Installation and Basics

The home page lists various options of installing pew. The most straightforward is of course to just use pip install pew. Once you have it installed, typing pew lists the various sub-commands, such as new, workon, ls and others. Eac of the sub-commands is accompanied by a summary of they will do.

So far, I have been mostly working with the above sub-commands. Here is how we can create a new virtualenv:

$ pew new flask-graphql-demo
New python executable in flask-graphql-demo/bin/python2
Also creating executable in flask-graphql-demo/bin/python
Installing setuptools, pip...done.
Launching subshell in virtual environment.
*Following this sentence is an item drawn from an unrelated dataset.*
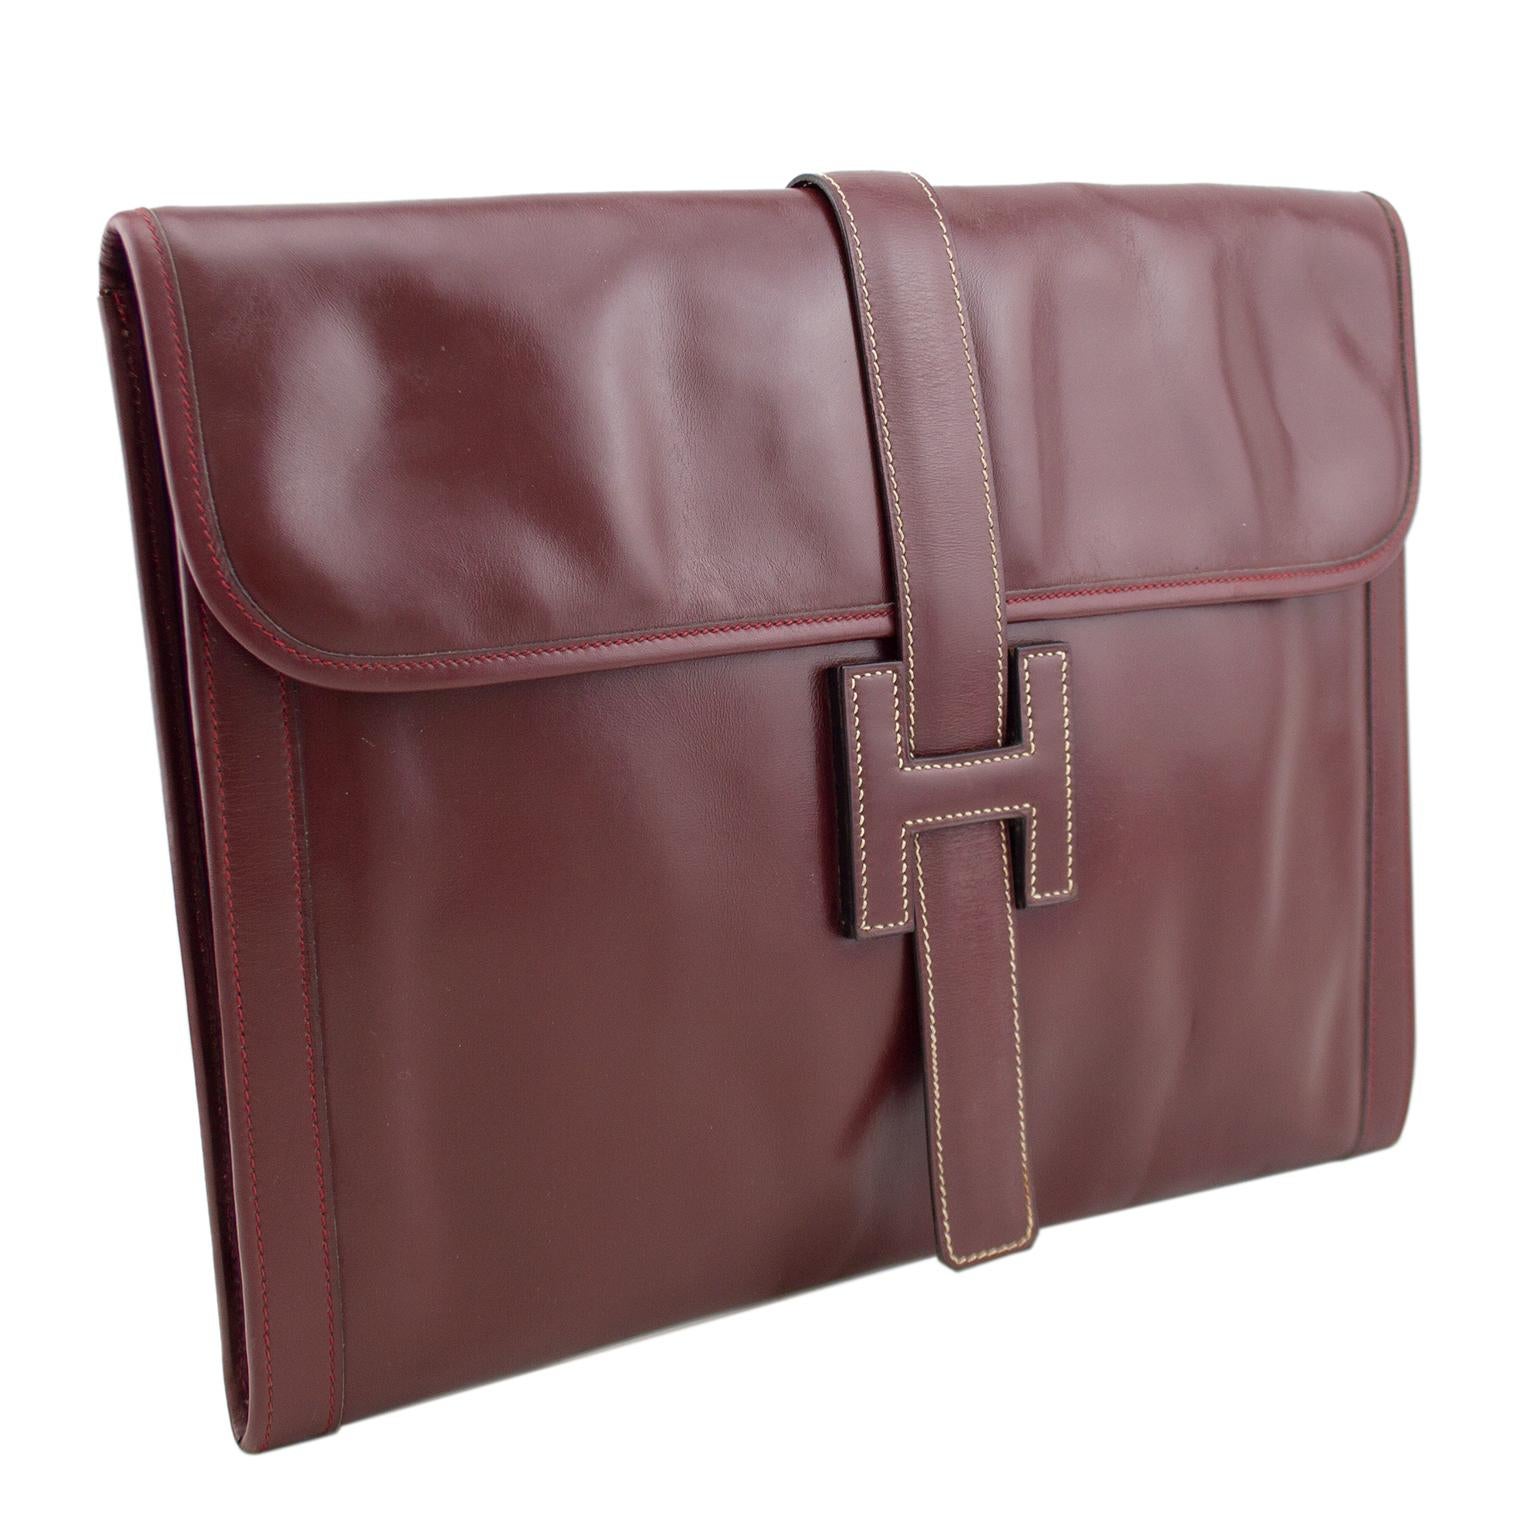 A classic day-to-night clutch that never goes out of the style, this Hermés Jige dates from the same year as its creation, 1975. This maroon leather version has the H style leather clasp on the front with a top flap opening. Finished with cream and

Type 'exit' or 'Ctrl+D' to return.
flask-graphql-demo $

Our virtualenv flask-graphql-demo is created and we are in it, which we can check:

$ which pip
~/.local/share/virtualenvs/flask-graphql-demo/bin/pip

We can do all our usual work now (installing other packages, running our applications) and once done, we can simply exit and we will be out of the virtualenv.

Now, if I want to resume work on this particular project, I can first use pew ls to list the currently created virtualenvs:

$ pew ls
flask-graphql-demo

and then use pew workon flask-graphql-demo to start working on it again. On Linux, pew workon also gives me all the available virtualenvs as suggestions automatically.

Conclusion

As you may have already seen, pew has a number of other features which should make working with virtualenvs really easy. It has definitely made me change my approach to working on Python projects.